Enabling the innovative use of Transfer Payments
Experimental new approaches to existing problems
How do you leverage the most out of government spending, while fostering a culture of experimentation and innovation?
Changing citizen expectations, coupled with fundamental demographic shifts and highly complex policy challenges demand more agile and adaptive responses from governments around the world. Applying new ideas and tools to stubborn problems and promoting continuous improvement with limited resources is the key. This requires experimenting and measuring: determining what works and redirecting resources where they can have the biggest impact.
That is why the President of the Treasury Board, as part of his mandate, is pushing departments and agencies to devote a fixed percentage of program funds to experimental new approaches to existing problems. Fundamentally, this is about a culture of measurement, evaluation and innovation built into the design and delivery of programs and policy.

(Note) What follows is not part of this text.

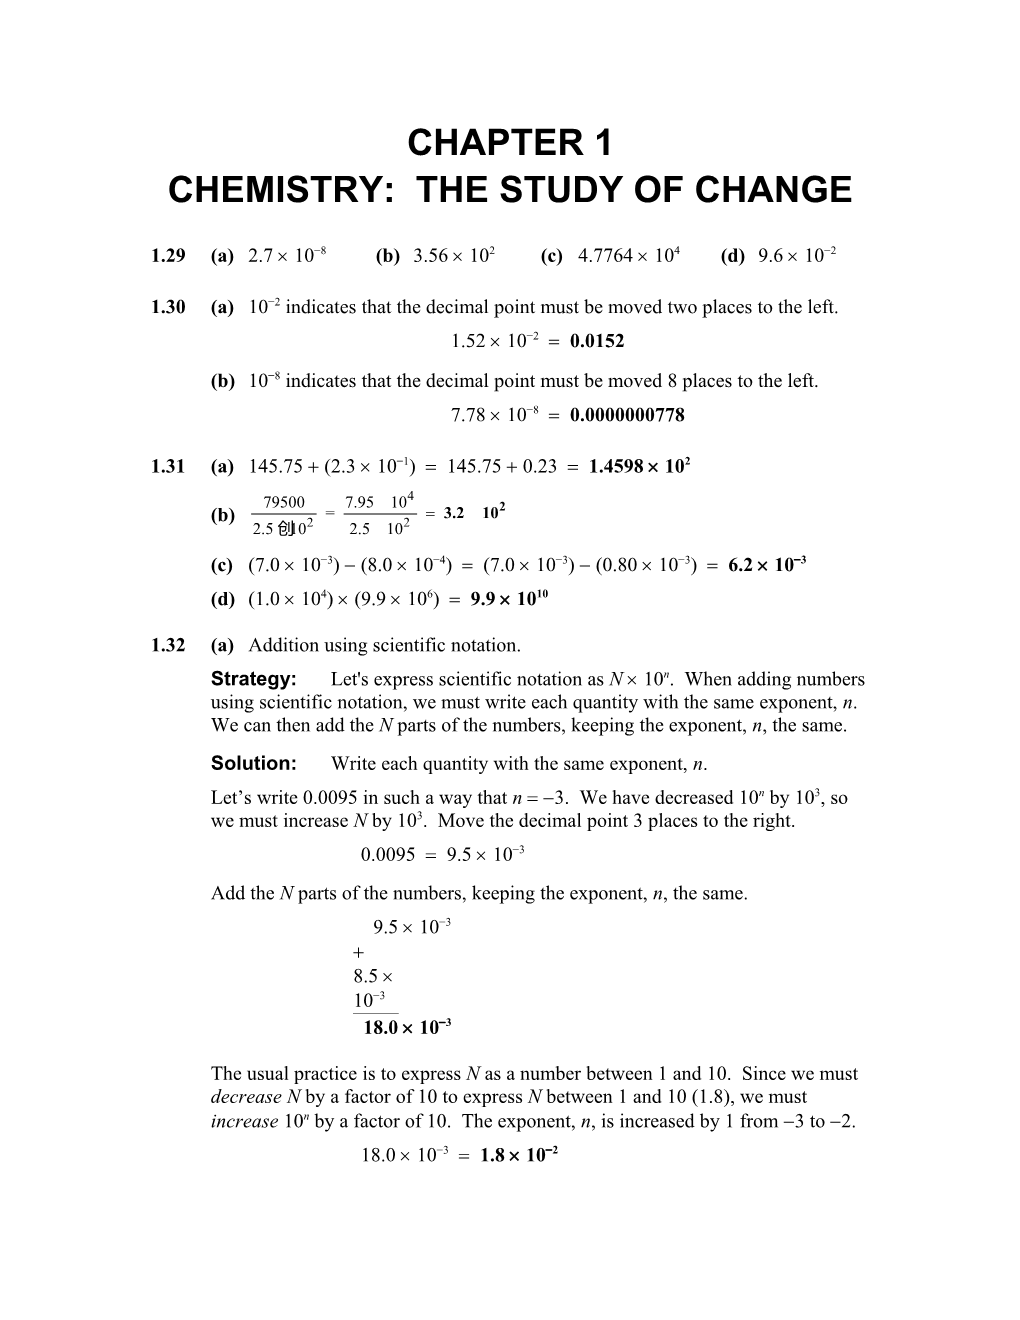 Chemistry: the Study of Change

The Treasury Board Secretariat is giving departments new paths for distributing government grants and contribution programs that aim to solve existing problems. The new TBS approach, entitled generic terms and conditions, applies to all departments and agencies covered by the Treasury Board Policy on Transfer Payments.
New paths for delivering government grants and contribution programs
These are specific terms and conditions that create authorities, provisions, and exceptions in grants and contributions programs. Three specific categories have been approved, effective April 1, 2017, and will be leveraged over the course of the 5-year pilot:
- Incentive-based funding mechanisms allow organizations to pay for outcomes rather than for activities. Government, service providers, and investors will be able to work together under one outcomes-based payment model. Pre-determined performance outcomes may be negotiated before starting a project, with payments then directly linked to the achievement of these outcomes.
- Prizes/challenges are grants used to meet a significant challenge where a satisfactory solution has yet to be found. They are best used in situations where a clear objective exists, where there are many potential problem solvers, and where problem solvers are willing to bear the up-front costs and risks associated with meeting or taking on the challenge.
- Micro-funding provides low-dollar value payments (up to $1,000) to individuals or not-for-profit organizations for targeted reasons, in situations where such grants are considered low risk. This instrument can mobilize individual and small-scale community actions to achieve progress in specific policy areas (for example, reconciliation and inclusion).
Experimental methods to test different approaches
This pilot is an excellent opportunity to use experimental methods to test different approaches, successfully adopted in jurisdictions such as the US, UK, and Australia, and to determine which ones are most effective. With these insights, the Government of Canada is better able to invest in what works.
These tools will help the Government of Canada make the transition from funding based on tasks and activities to funding based on the achievement of concrete goals. It is fundamentally about evidence-based decision making and generating better value for money.
The introduction of generic terms and conditions, terminology aside, has the potential to create real benefits for Canadians, and to do so faster and more effectively than has been the case to date.